AIM OF THE TASK: The exercise calls for exact output of the lines between the one that contains "Borussia Dortmund - VfL" and the end of the data, with both ends kept and pictures left out.
#### SUPPLIED MATERIAL
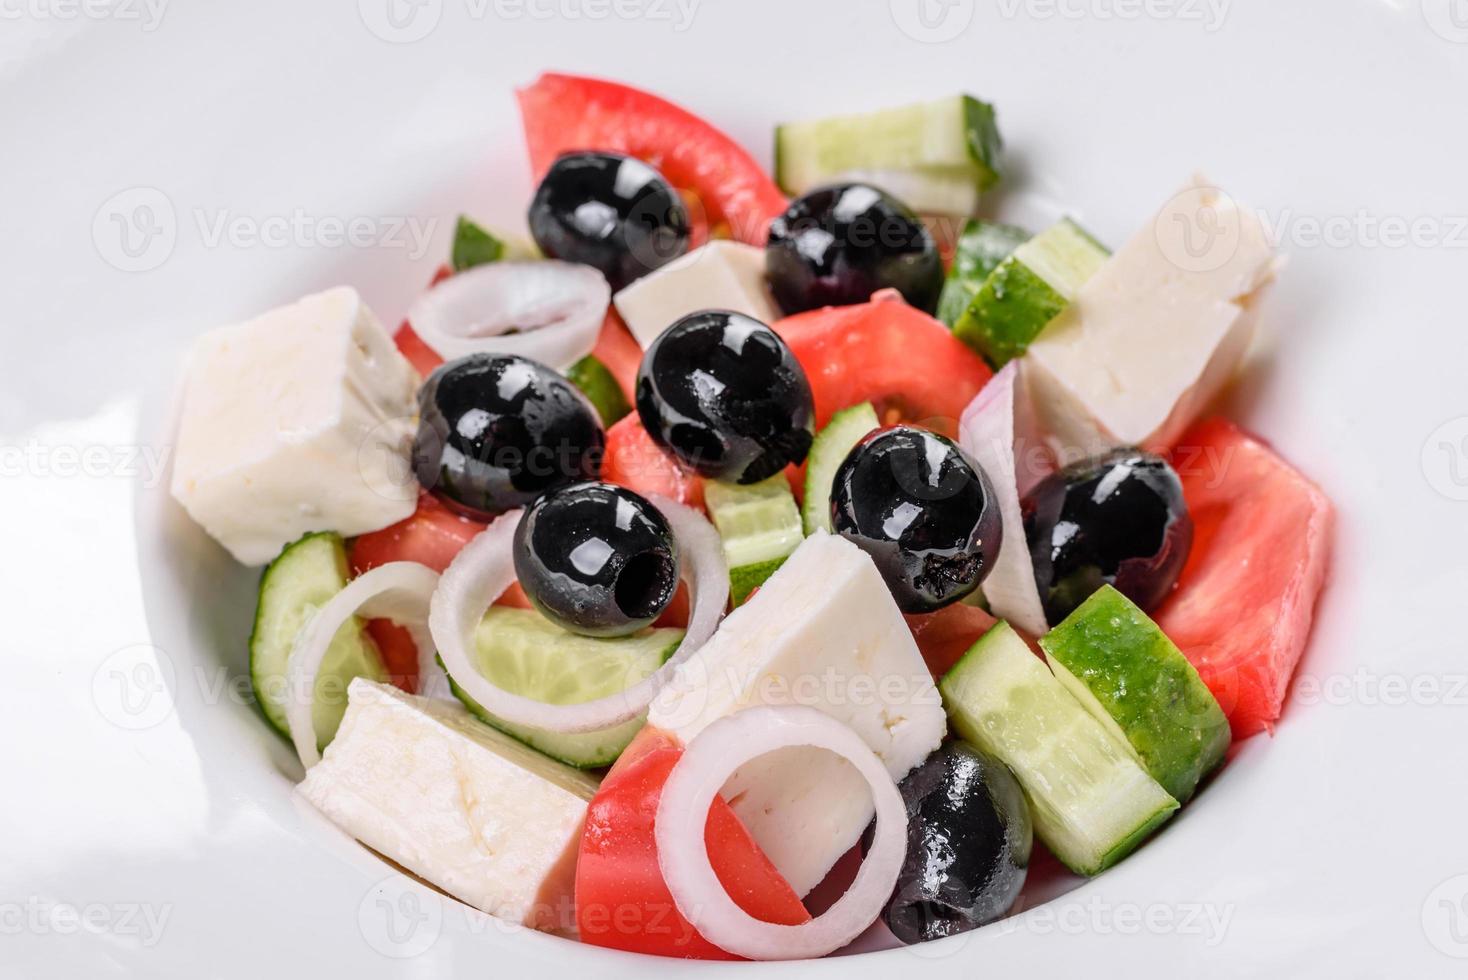 deliciosa ensalada griega fresca con tomate, pepino, cebolla y aceitunas con aceite de oliva foto
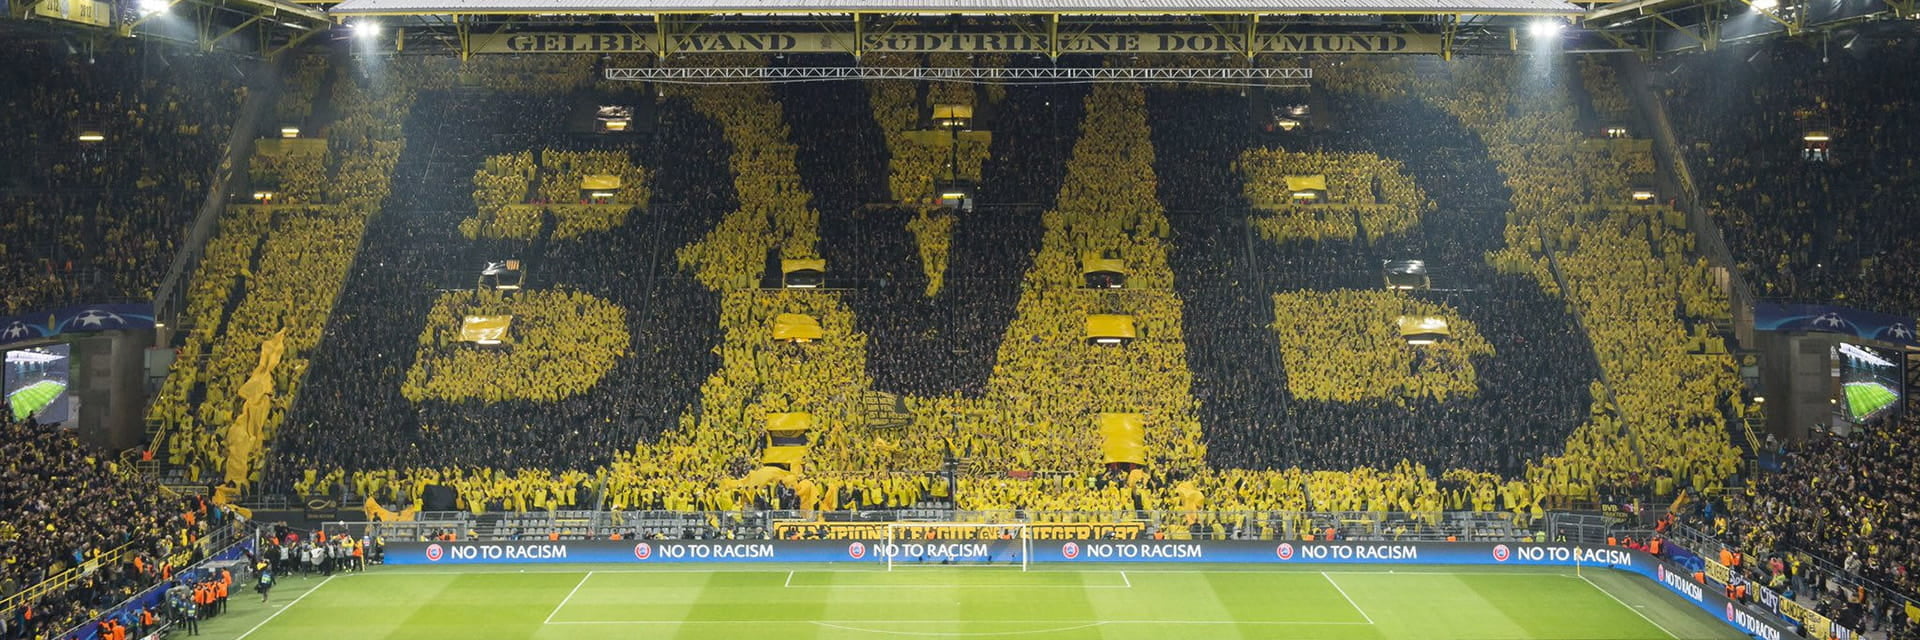 Borussia Dortmund - VfL Bochum, 7 novembrona 15:30
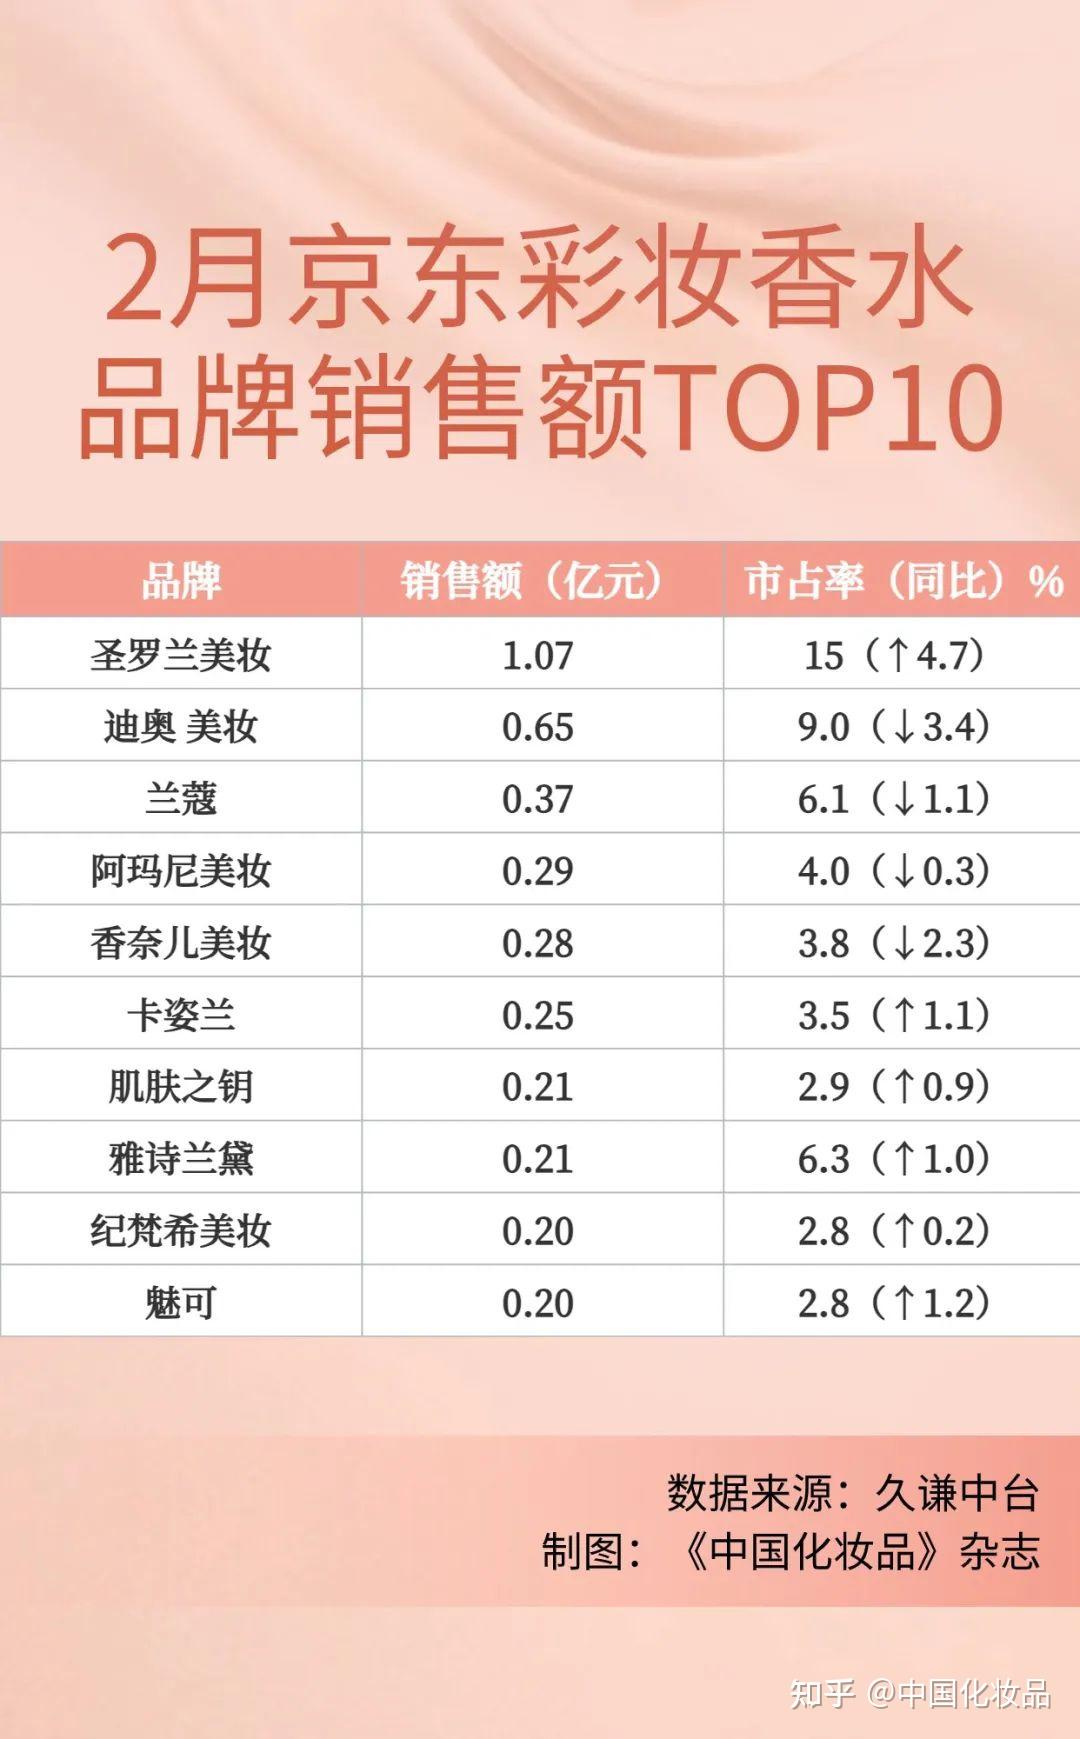 2月京东销售额top10的彩妆香水品牌为:圣罗兰美妆,迪奥美妆,兰蔻
########
OUTPUT OF THE TASK:
 Borussia Dortmund - VfL Bochum, 7 novembrona 15:30
 2月京东销售额top10的彩妆香水品牌为:圣罗兰美妆,迪奥美妆,兰蔻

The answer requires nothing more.